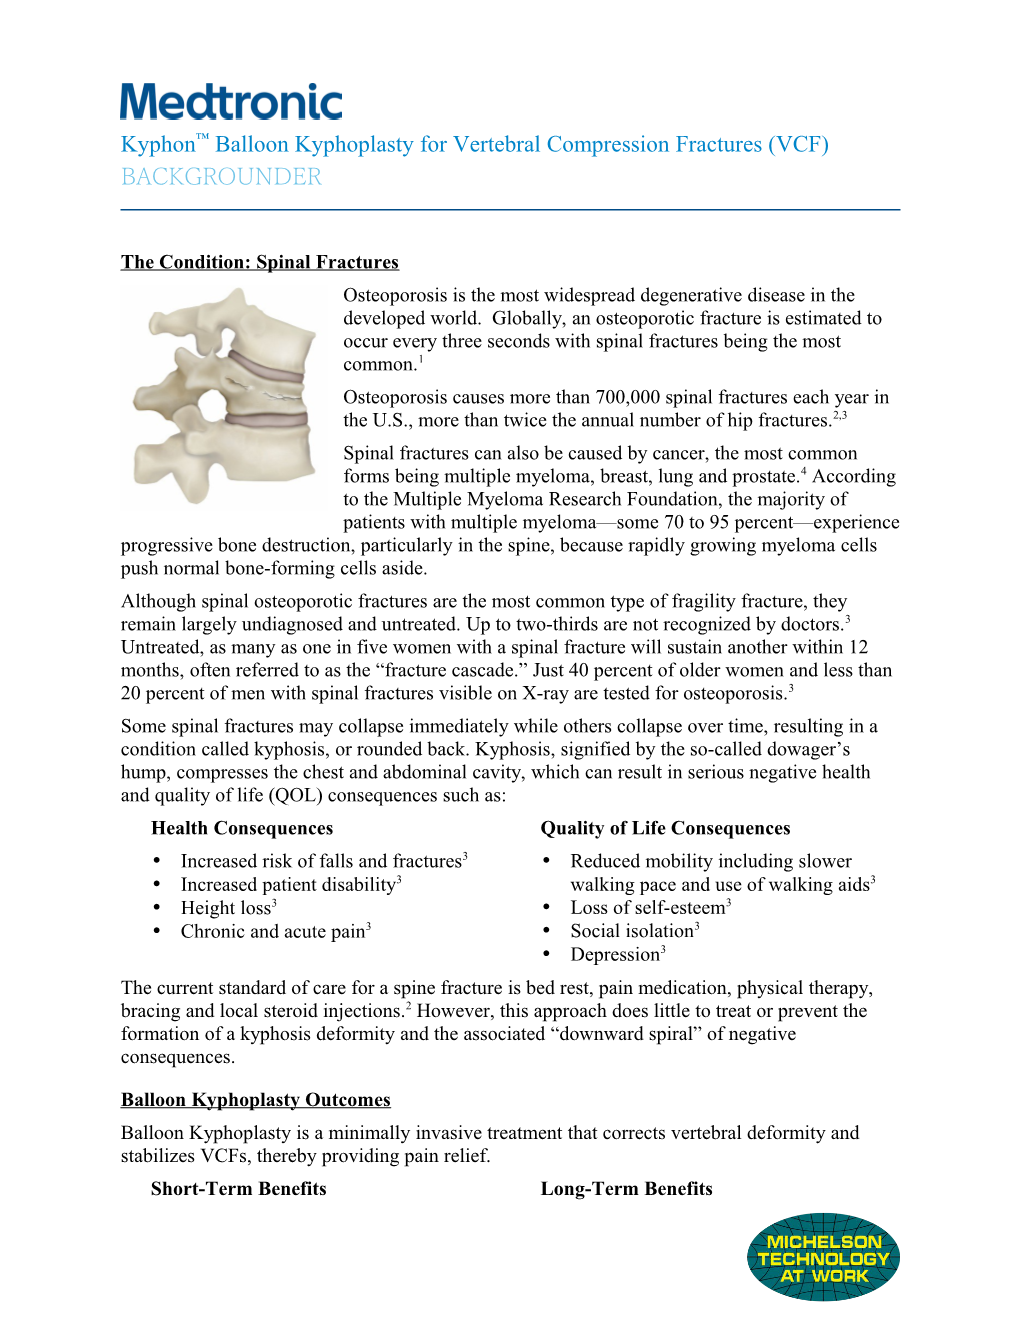 The Condition: Spinal Fractures
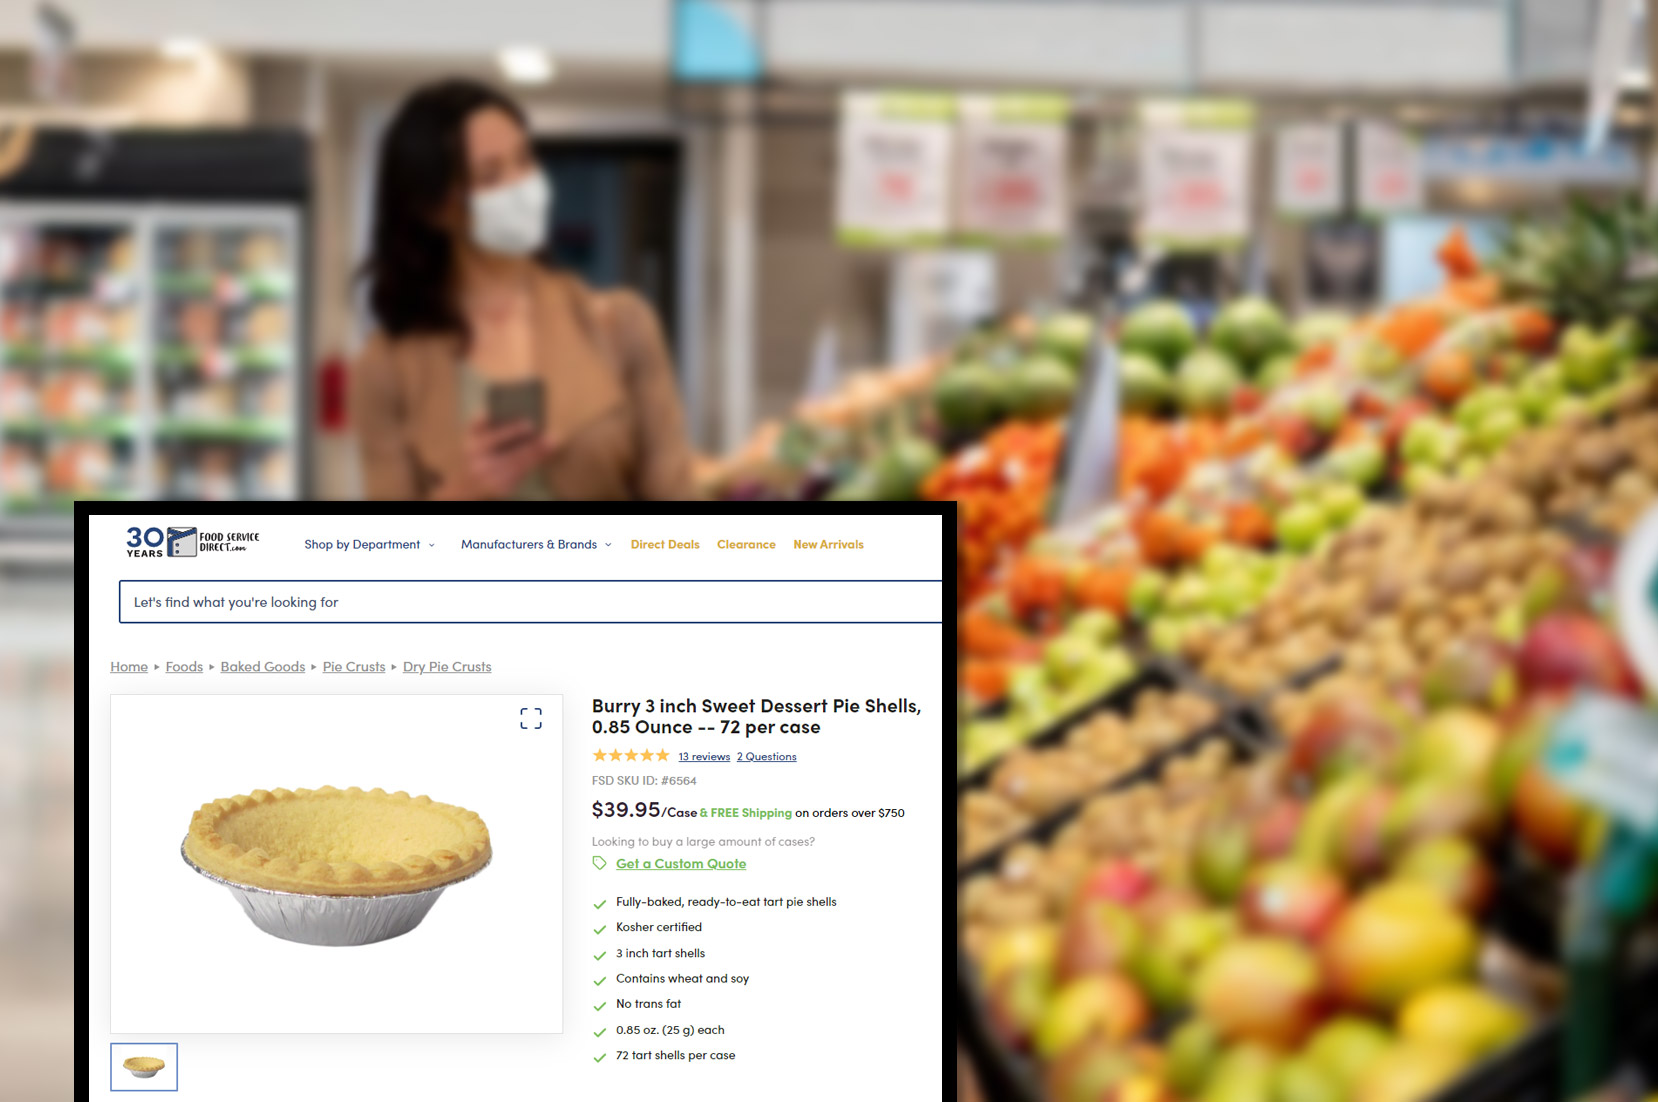 foodservicedirect-comproduct-pricing-information-and-image-scraping-services
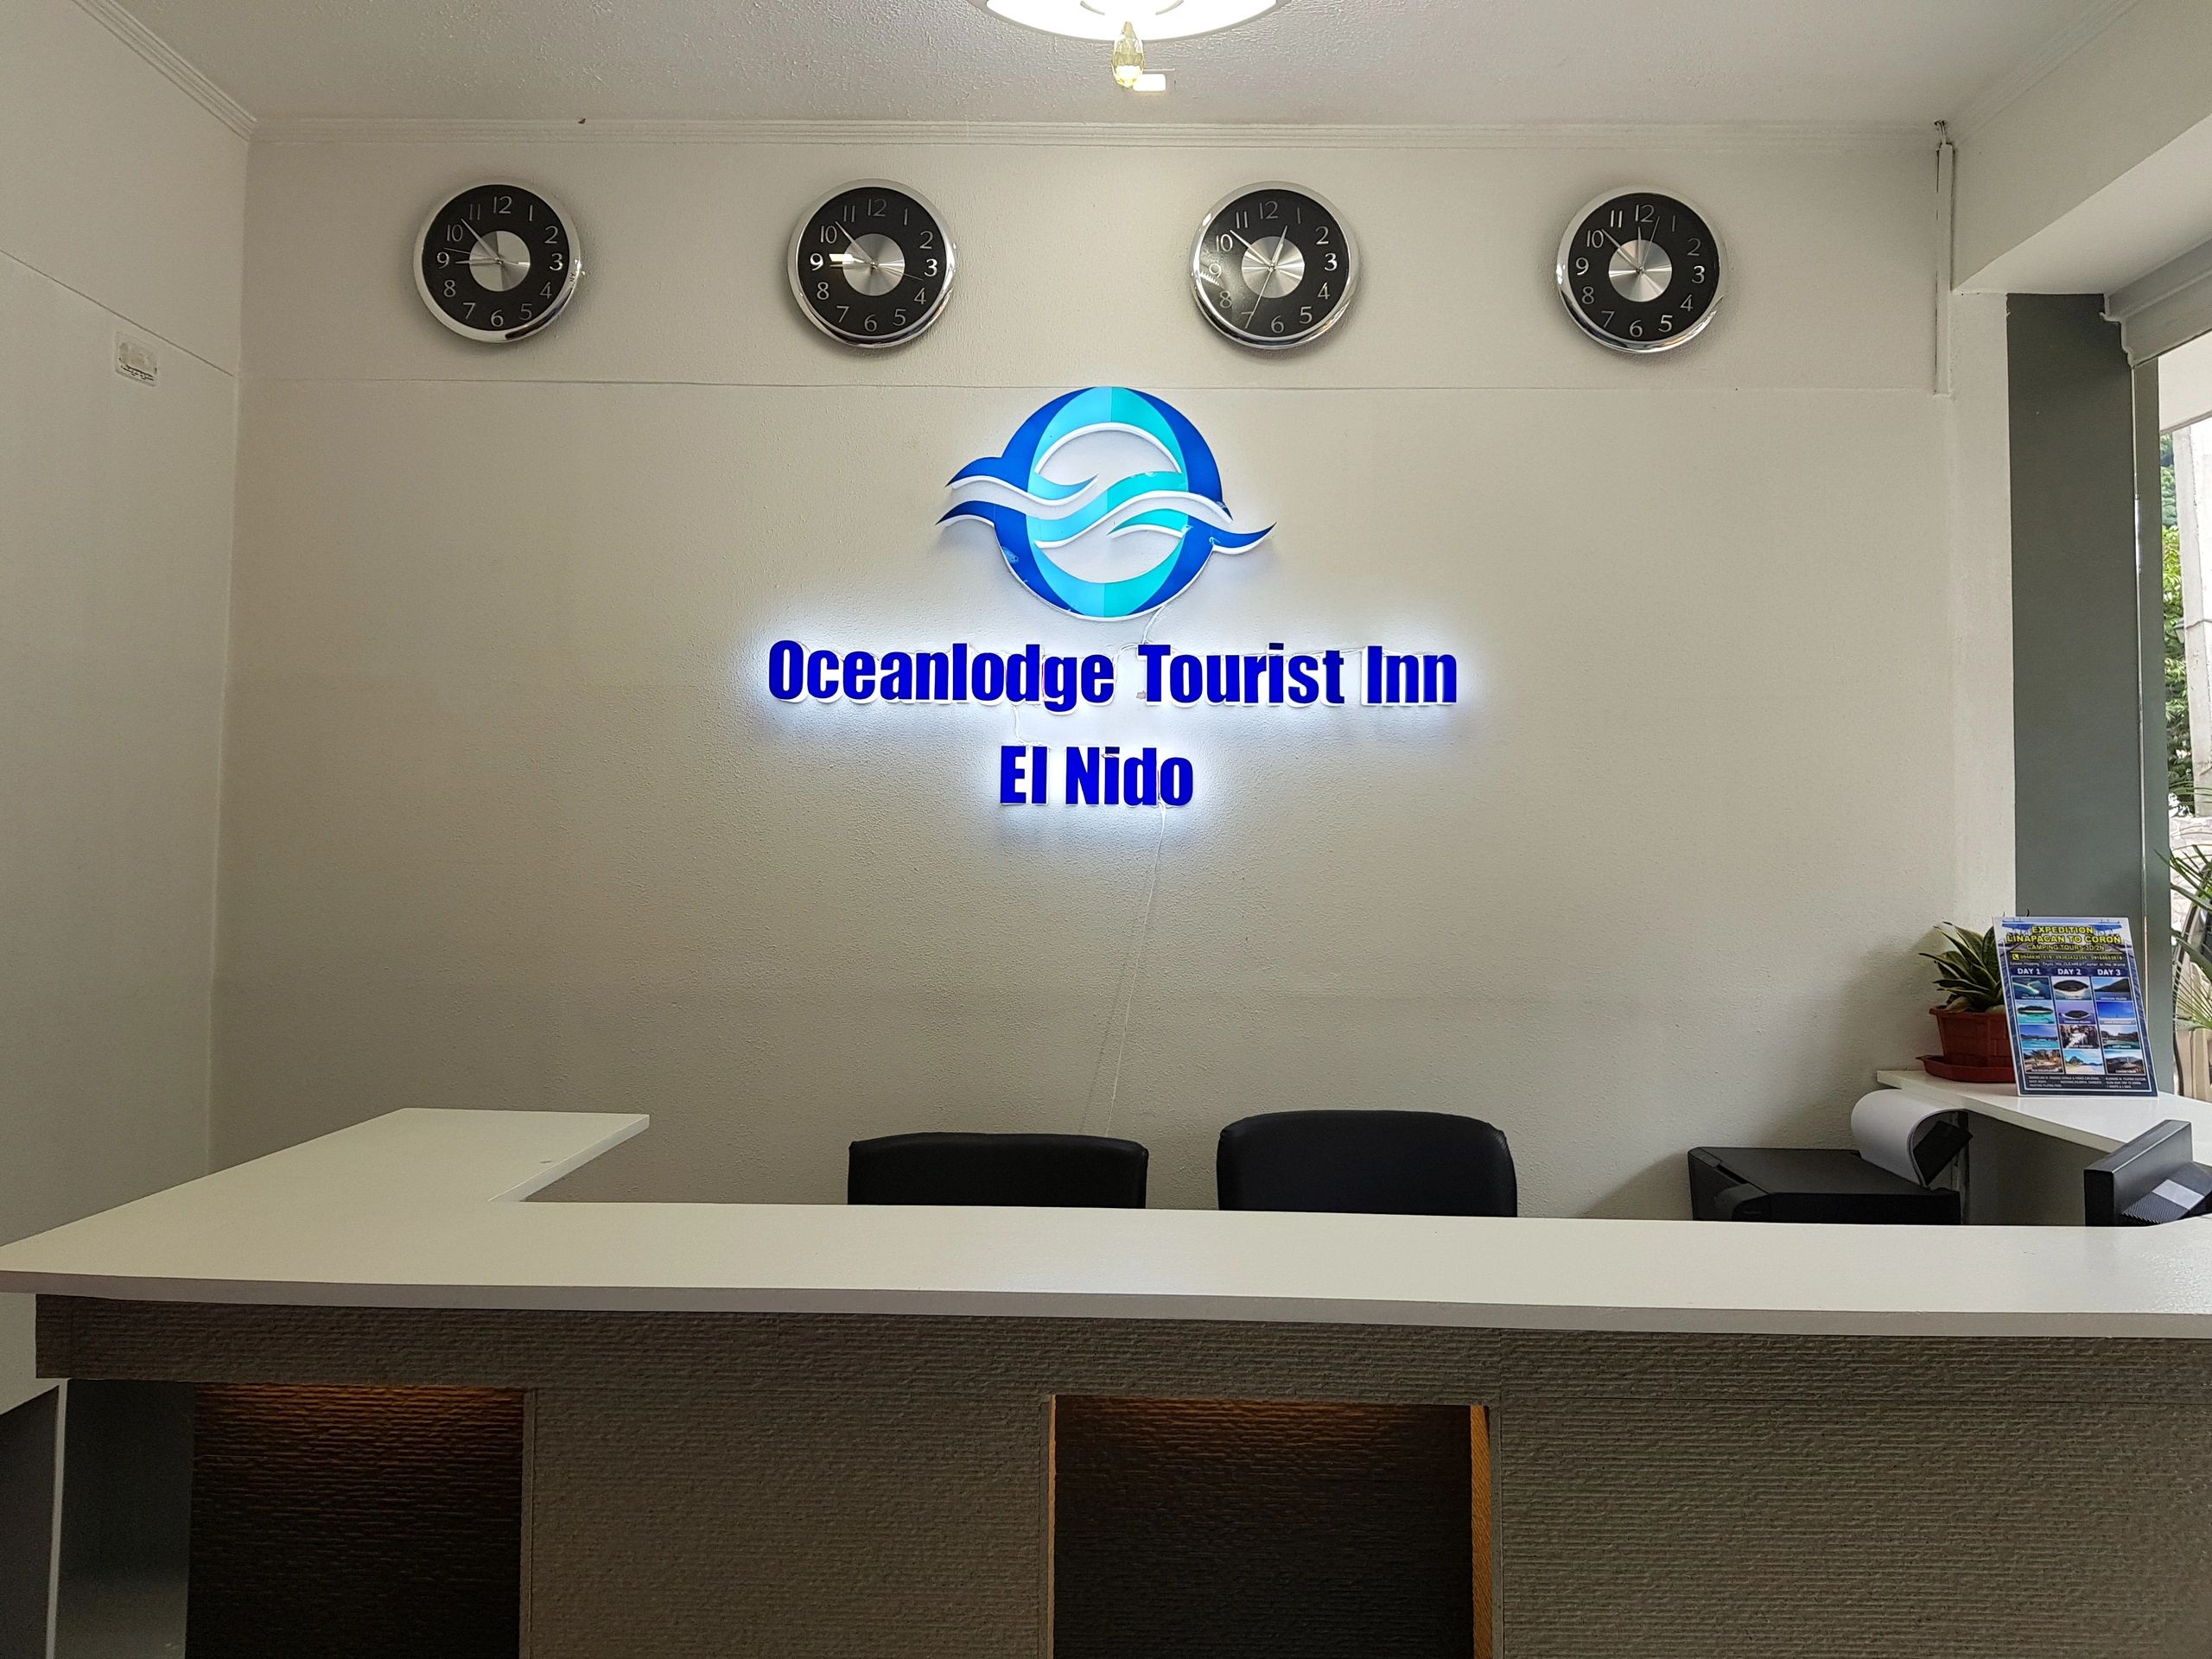 OCEANLODGE TOURIST INN PROMO B: WITH AIRFARE VIA-PPS  ALL IN elnido Packages

#### [Requirement]
Transcribe all of the listing precisely. The images stay out of it.

#### [Solution below]
 The Condition: Spinal Fractures
 foodservicedirect-comproduct-pricing-information-and-image-scraping-services
 OCEANLODGE TOURIST INN PROMO B: WITH AIRFARE VIA-PPS  ALL IN elnido Packages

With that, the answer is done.